# untrasonic cleaner



## One Nut Hut (Jan 2, 2009)

Looking at buying an untrasonic cleaner to clean my personal reels. Any suggestions on what you would recommend or stay away from?


----------



## george.maness86 (May 29, 2012)

I have seen people picking them up at harbor freight. I like the hornady us cleaner. They have always been good to me just a little pricey.


----------



## Hooked (Oct 15, 2004)

For personal use I'd suggest the one from Harbor Freight. I bought one a few months back and am very pleased with it. Won't break the bank but should last me quite a while cleaning the 20 or so reels we have.


----------



## Kitchen Pass (Apr 4, 2011)

Hooked said:


> For personal use I'd suggest the one from Harbor Freight. I bought one a few months back and am very pleased with it. Won't break the bank but should last me quite a while cleaning the 20 or so reels we have.


Yep, pretty good machine for the money.


----------



## Brian10 (Sep 6, 2007)

I never thought about using it to clean my reels. Good idea. I have the Hornady which I am happy with.


----------



## Dipsay (Apr 28, 2006)

I've got the one from Harbor Freight as well. I believe its the 2 1/2Qt size. runs about $70 or so. Heats the water really good. I'd be careful of some parts though in the cleaners. Can cause the brass Brake hubs to come unglued from the side plates...Dip


----------



## DGAustin (Jun 5, 2005)

I have a Branson 200 and like it.


----------



## jtbailey (Apr 29, 2012)

Dipsay said:


> I've got the one from Harbor Freight as well. I believe its the 2 1/2Qt size. runs about $70 or so. Heats the water really good. I'd be careful of some parts though in the cleaners.

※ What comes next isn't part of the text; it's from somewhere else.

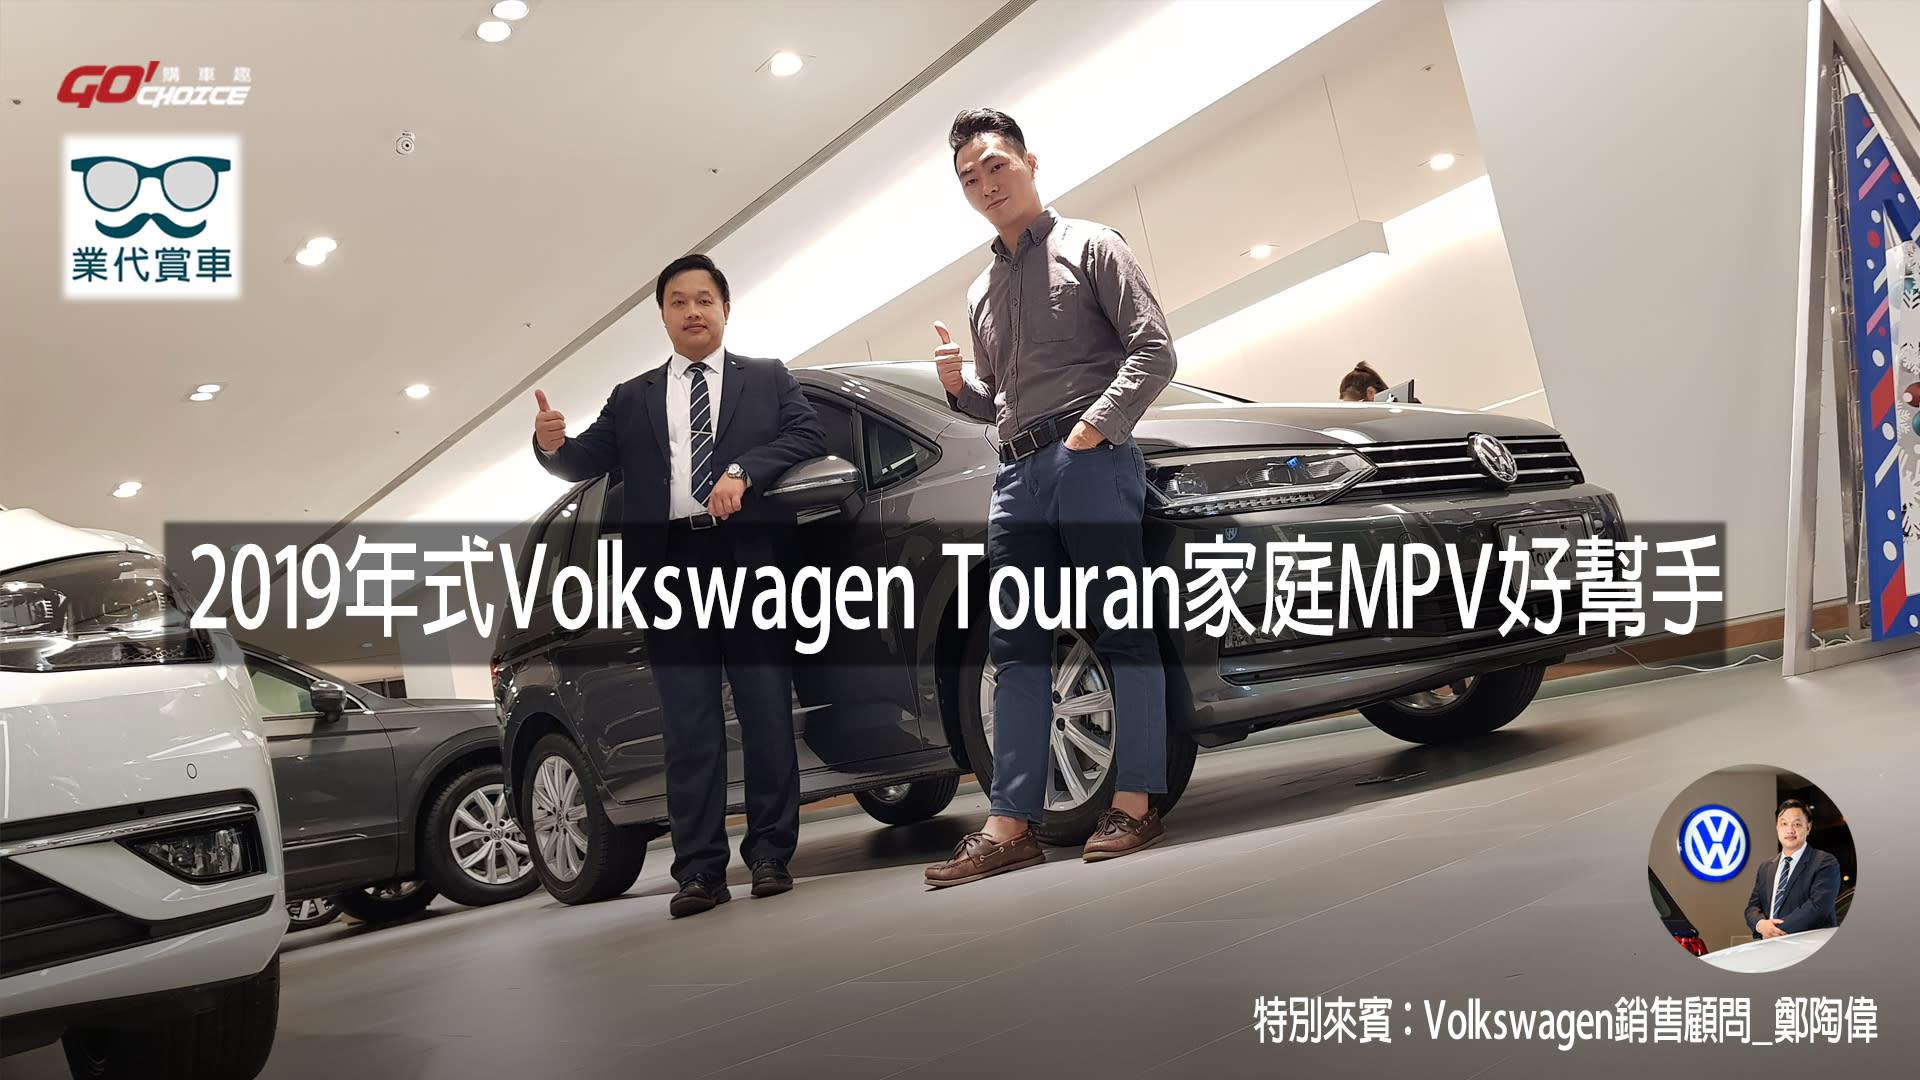 [業代賞車]2019年式Volkswagen Touran家庭MPV好幫手-Volkswagen敦南 銷售顧問_鄭陶偉

Can cause the brass Brake hubs to come unglued from the side plates...Dip


Is it the cleaner addatives that causes this or just the general use of the machine to clean the reels??


----------



## Drundel (Feb 6, 2006)

jtbailey said:


> Is it the cleaner addatives that causes this or just the general use of the machine to clean the reels??

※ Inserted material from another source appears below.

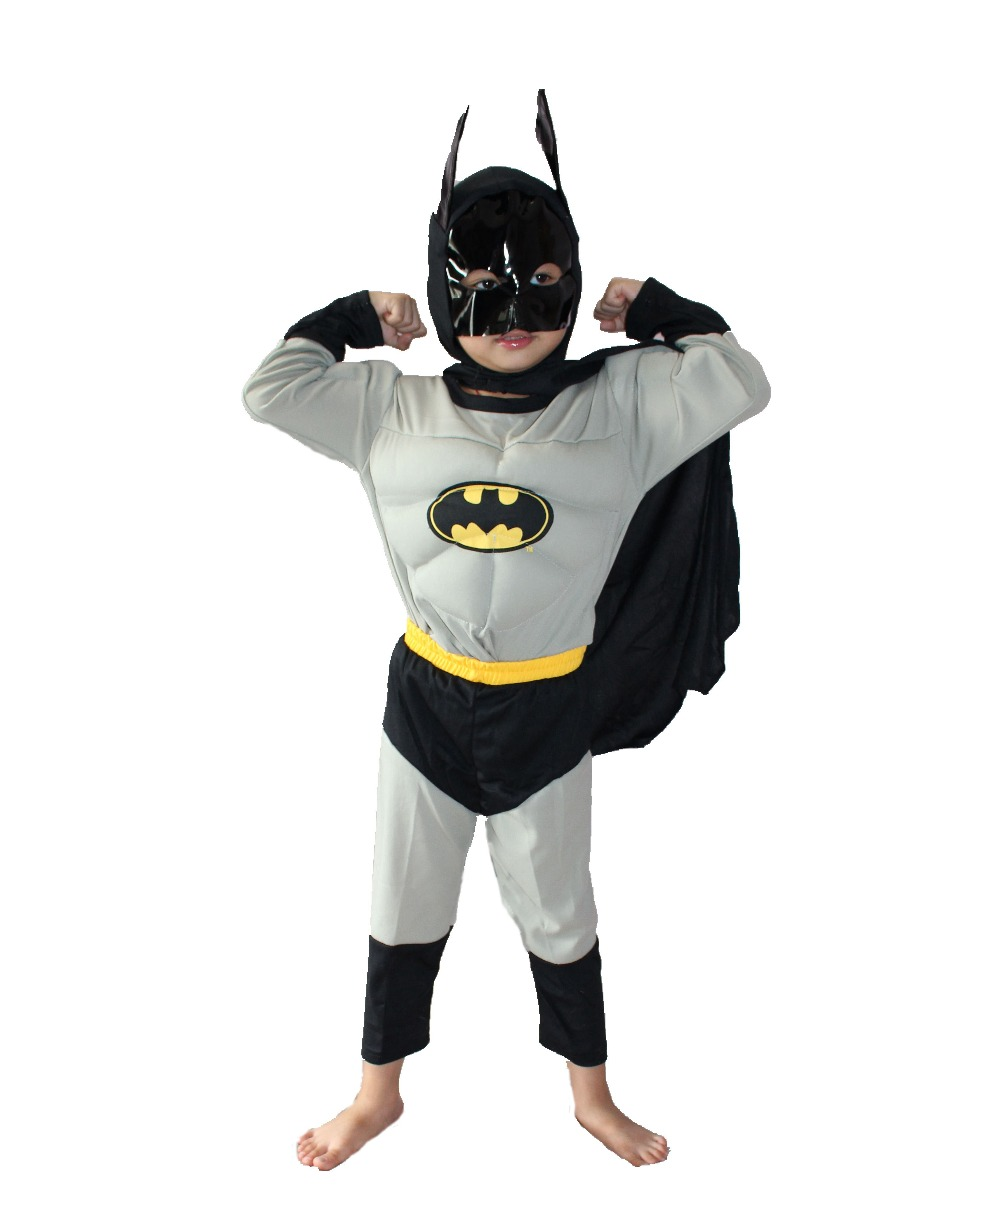 Gris 3-7 años Fiesta Niños Comic Marvel Batman Muscle Disfraz de Halloween, Boy roll play clothing Camiseta de manga larga

Probably a little of both.


----------



## Dipsay (Apr 28, 2006)

Drundel said:


> Probably a little of both.


exactly...


----------



## george.maness86 (May 29, 2012)

Dipsay said:


> exactly...


Yup they really do help if used right.


----------



## george.maness86 (May 29, 2012)

I have looked up some of the cheaper ones and it would drive me crazy with the longest cycle only being 8 minutes and having to stop polishing and working on part of the reel to go reset it. IMO the extra money for longer cycles is worth it plus mine does a great job on everything going in it. My hornady magnum sonic cleaner actually just went out about a week ago, the touch pad stopped working, so I found another on eBay. I called hornady and they are sending me a shipping label to either fix or replace it no questions asked. Can't beat good customer service on top of a top notch product.


----------



## TWHJ28 (Jun 27, 2007)

Thinking about picking one up. Will it clean bearings well,or shake them loose? how bout putting the reel housing itself or will it remove paint or stickers? will it remove the gunky grease buildup along with dirt particles? Basically what is not suppose to go in these cleaners and what solution would you suggest?


----------



## jtbailey (Apr 29, 2012)

I'm with ^^^ I was all set to get one but then i hear about how it could cause the break hub to come off, and have to be real carefull about how you use it or it could tear stuff up... Cuz trust me if it's possible, it will happen to me, been that way all my life... So guess I'll just stick with Alcohol and Q-tips


----------



## rjc1982 (Sep 27, 2005)

I use this one and have been very happy with the results. But like George said the short cycles on the timer can be annoying. Do a search on this forum and you will find many good tips on using US cleaners (thanks Dip!).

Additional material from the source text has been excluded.